On this little plane, however, there was only a curtain between the eight passenger seats and the two-seat cockpit of the plane. Christopher could ask the pilot to turn on the interior lights. He could ask what had happened to the other two passengers. He’d probably feel like a fool when the pilot explained the flight plan that was no doubt printed on his boarding pass.
He felt a heart-thumping trepidation sidling up the aisle toward the cockpit. He tried to think exactly what he wanted to ask the pilot. The plane lurched again, and Christopher fell forward. He tried to grab the faux-wooden partition that bordered the curtain, but missed and got tangled in the curtain itself.
The curtain was attached to a rail with metal rings, and there was a series of snaps as they tore away. The curtain slid to the side, and Christopher stumbled awkwardly against the partition, halfway into the cockpit, left arm still wrapped in the curtain.
The only light in the cockpit came from the glow of the instruments: panels of LEDs, switches, buttons, dials and levers, and three small monitors. They illuminated two empty seats.

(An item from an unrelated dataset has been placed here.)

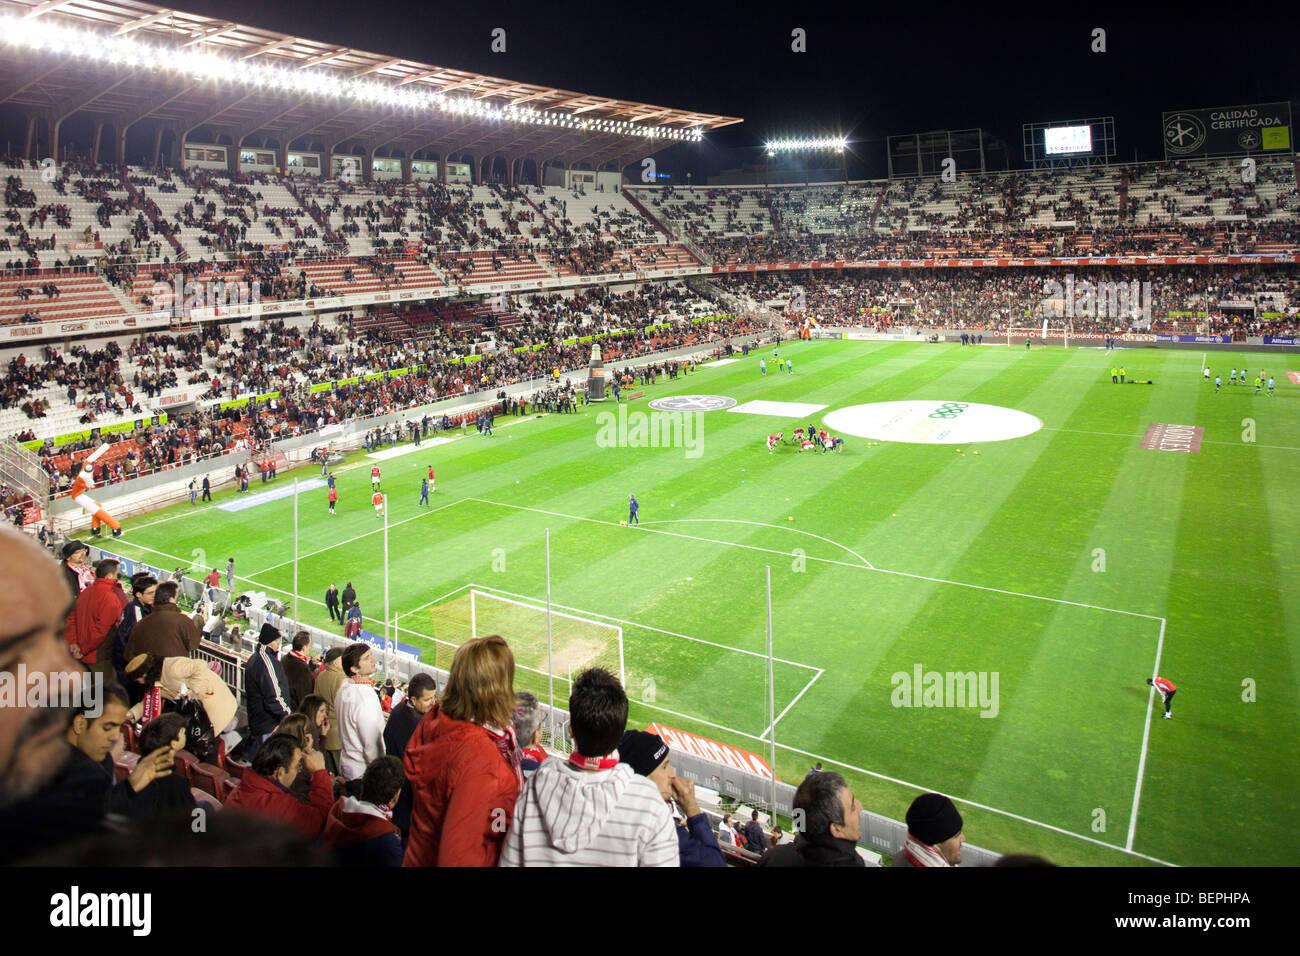 View Of Sanchez Pizjuan Stadium Belonging To Sevilla Fc Seville Spain Stock Photo Alamy
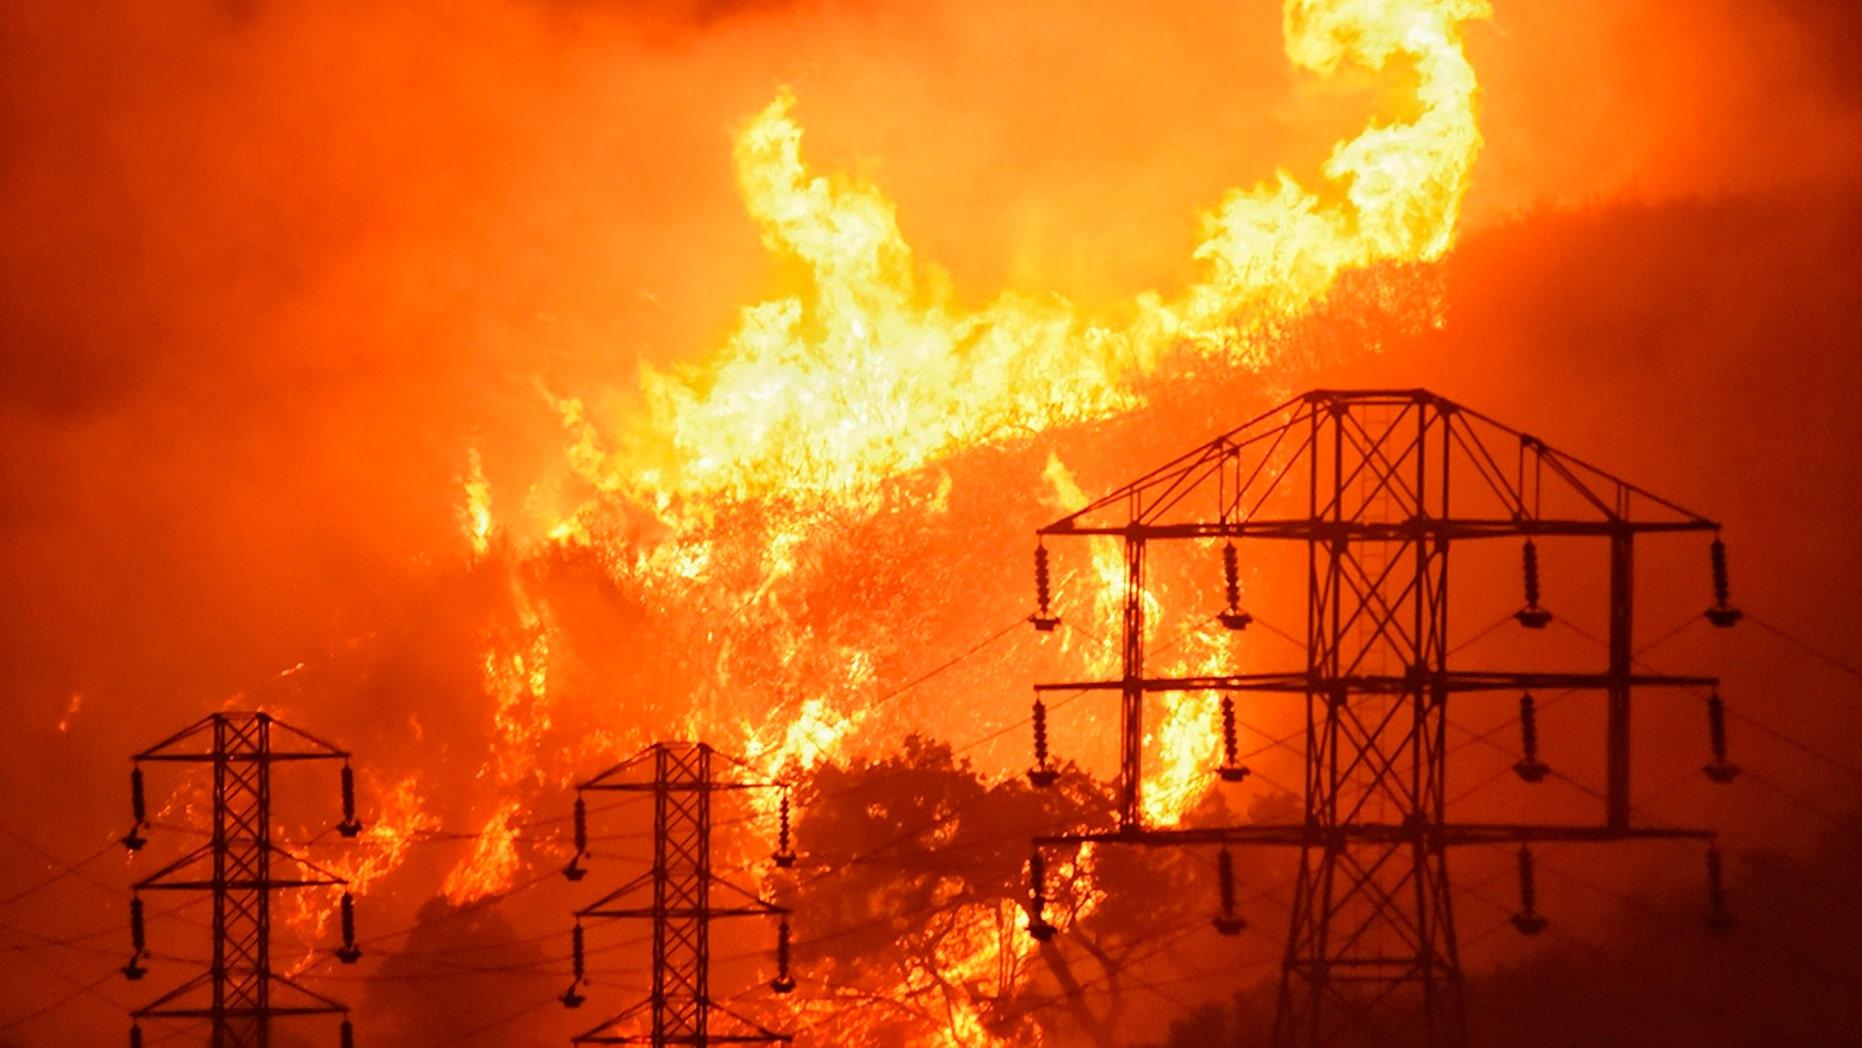 FILE -Flames burn near power lines in Montecito, Calif., Dec. 16, 2017. (Mike Eliason/Santa Barbara County Fire Department via AP)

Christopher stared at the myriad instruments for a moment. The monitors showed a little representation of the plane superimposed over lines that must be altitude or angle or something, and a crawling topographic map of mountainous terrain, overlaid with dozens of readouts, numbers, dials and graphs.
Christopher knew there were reasonable explanations for the missing passengers. He had no trouble coming up with potential explanations for that. When he saw the pilot’s seat empty, however, his mind stopped working for a moment. There was no explanation for Christopher being on a plane with no pilot.
He looked through the front windshield. They were definitely in the air. The moon was visible among wispy clouds, off to the left. The darkness below was rough and textured: pine forest and snowy rock. Glints of moonlight on water. The ground appeared worryingly close, but it was difficult to tell by the moonlight.
Christopher could feel his own heart, beating too fast in his chest. He heard his breathing over the buzz of the prop engines. He looked past the curtain, down the aisle to the luggage area at the back of the plane. He was incredibly alone.
The mental fog that had surrounded him since he woke now threatened to envelop him completely. He was numb. He was aware of his own hands shaking, but he couldn’t feel them. His body was something entirely disconnected from him.
He felt something else: a wordless voice, a stream of dispassionate information at the back of his head. It told him, with neither interest or judgment, that he needed to act immediately or he was going to die.